ABOUT THIS EXERCISE :: Retype, word for word, the line holding "Picture of Primate" and each line after it down to the end of the data; pictures are not copied.

RECORDED INFORMATION ::
※

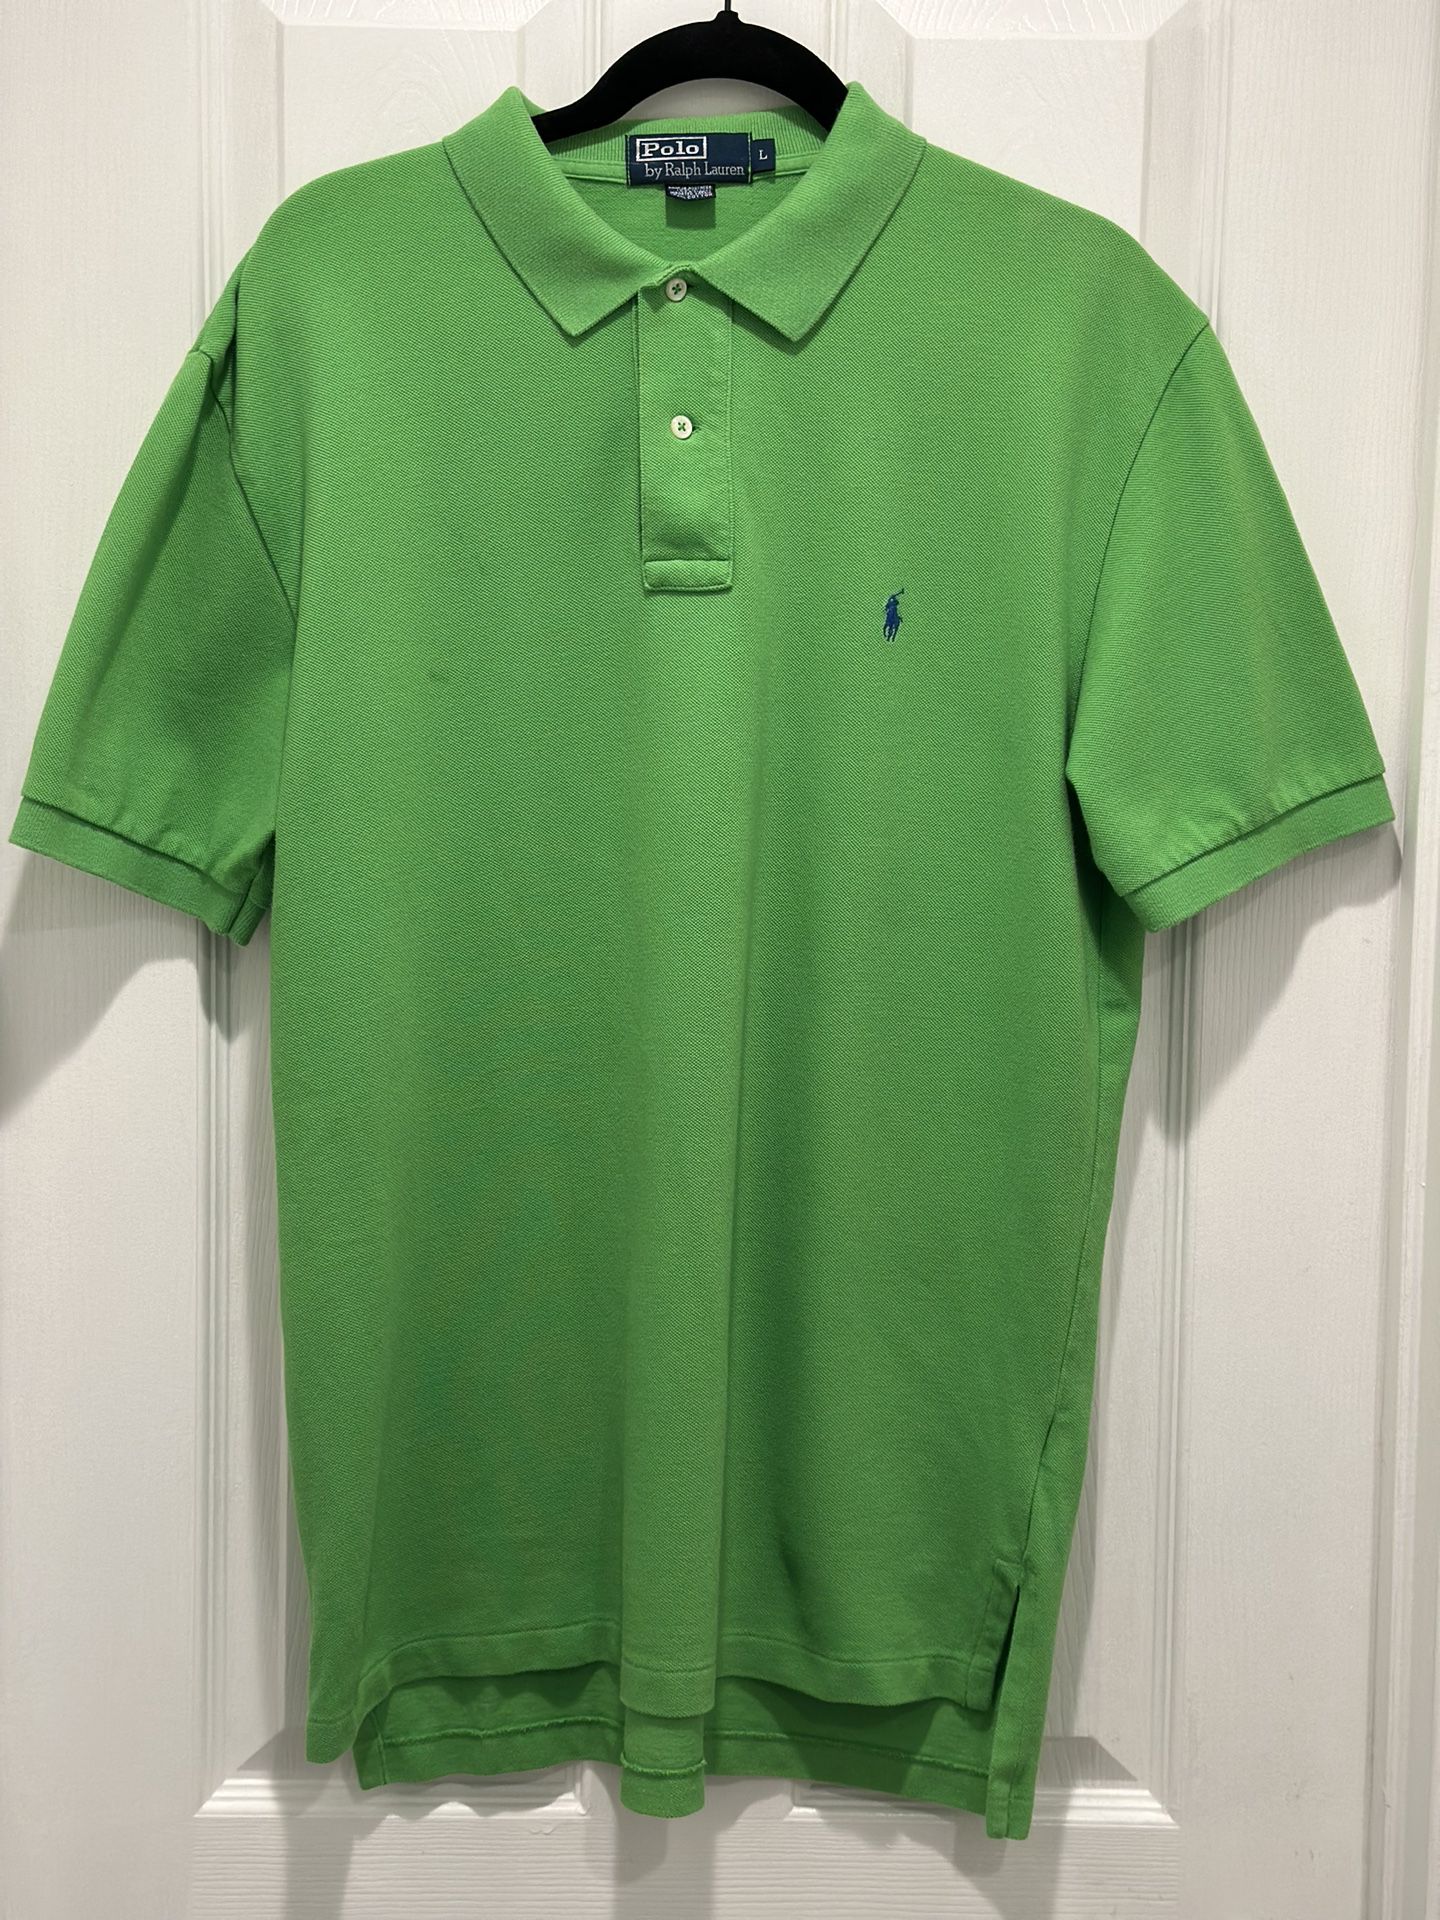 Polo By Ralph Lauren Golf Shirt Men's Sz L Green Cotton Classic Casual Logo Pony
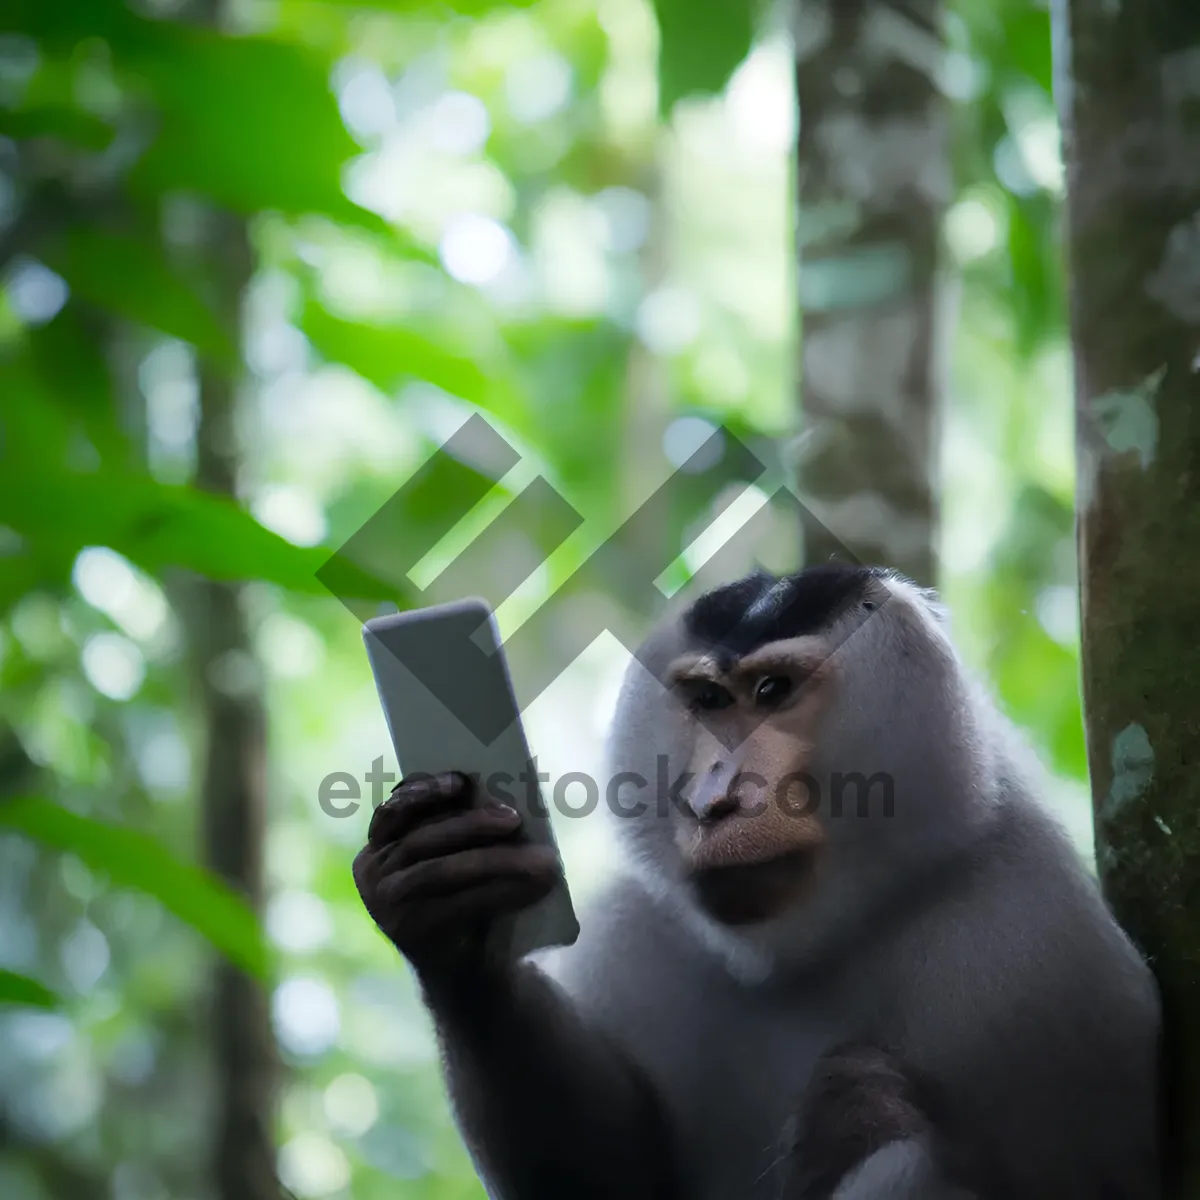 Picture of Primate jungle faces in wildlife sanctuary zoo illustration.
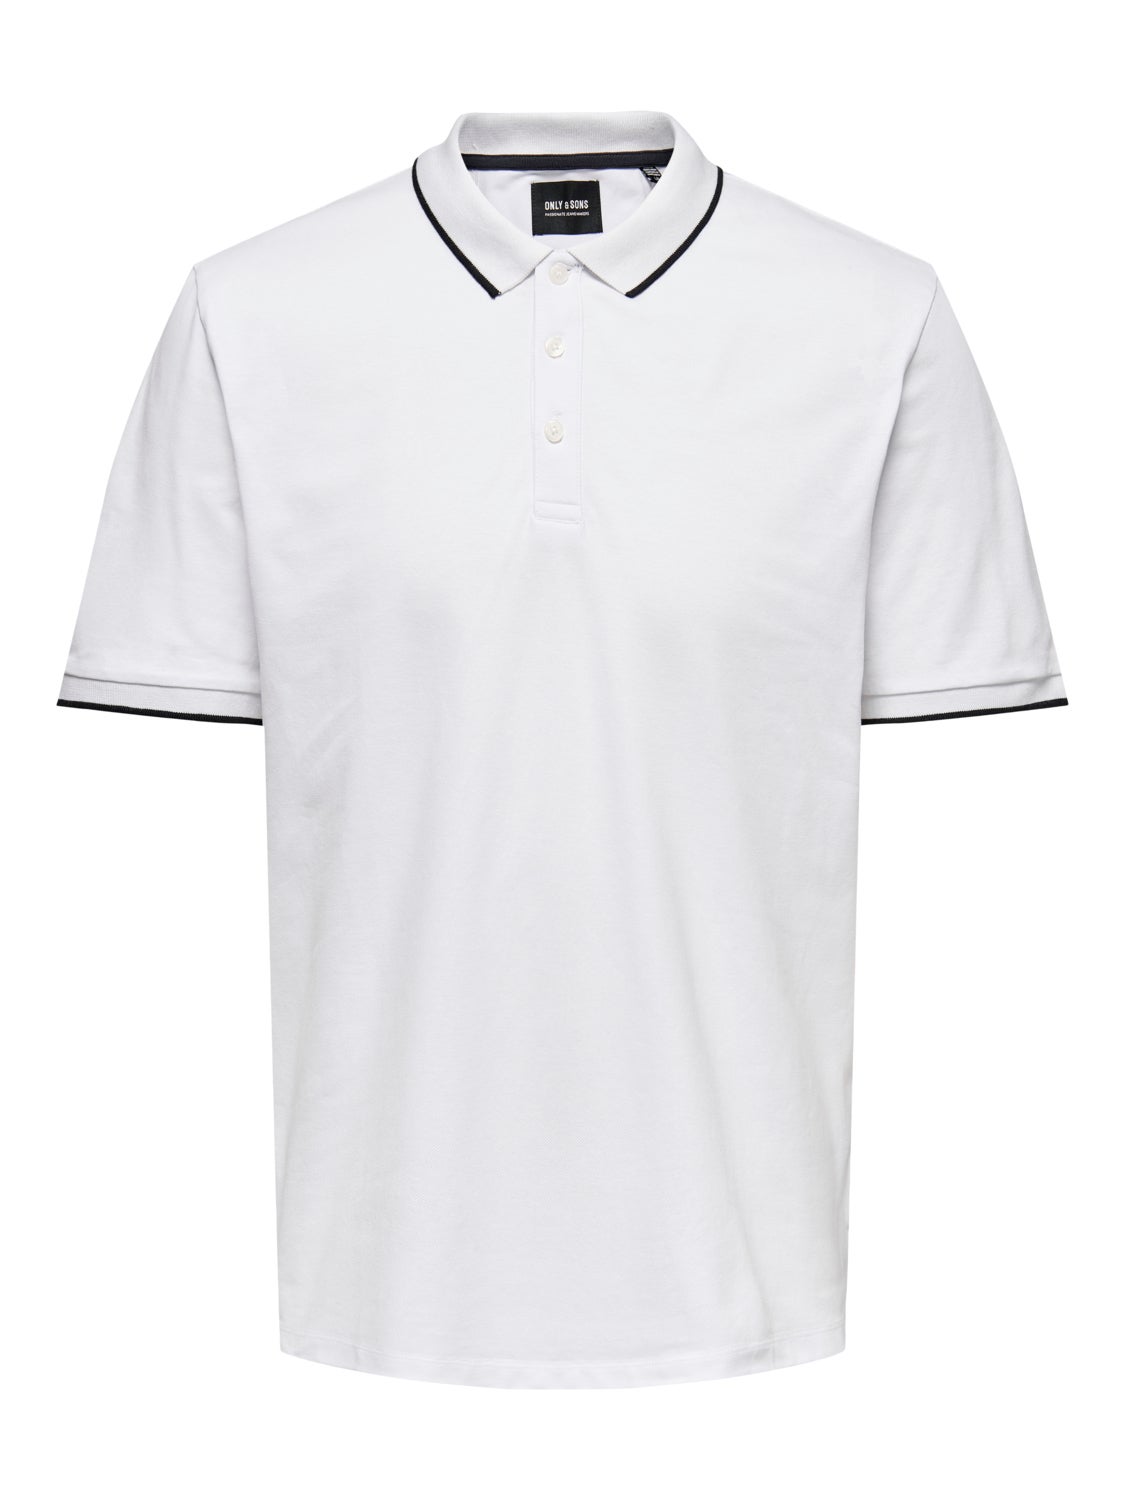 ONLY & SONS Poloshirt Schwarz L HERREN Hemden & T-Shirts Stricken Rabatt 62 %

※

OUTPUT FOR THIS EXERCISE ::
 Picture of Primate jungle faces in wildlife sanctuary zoo illustration.
 ONLY & SONS Poloshirt Schwarz L HERREN Hemden & T-Shirts Stricken Rabatt 62 %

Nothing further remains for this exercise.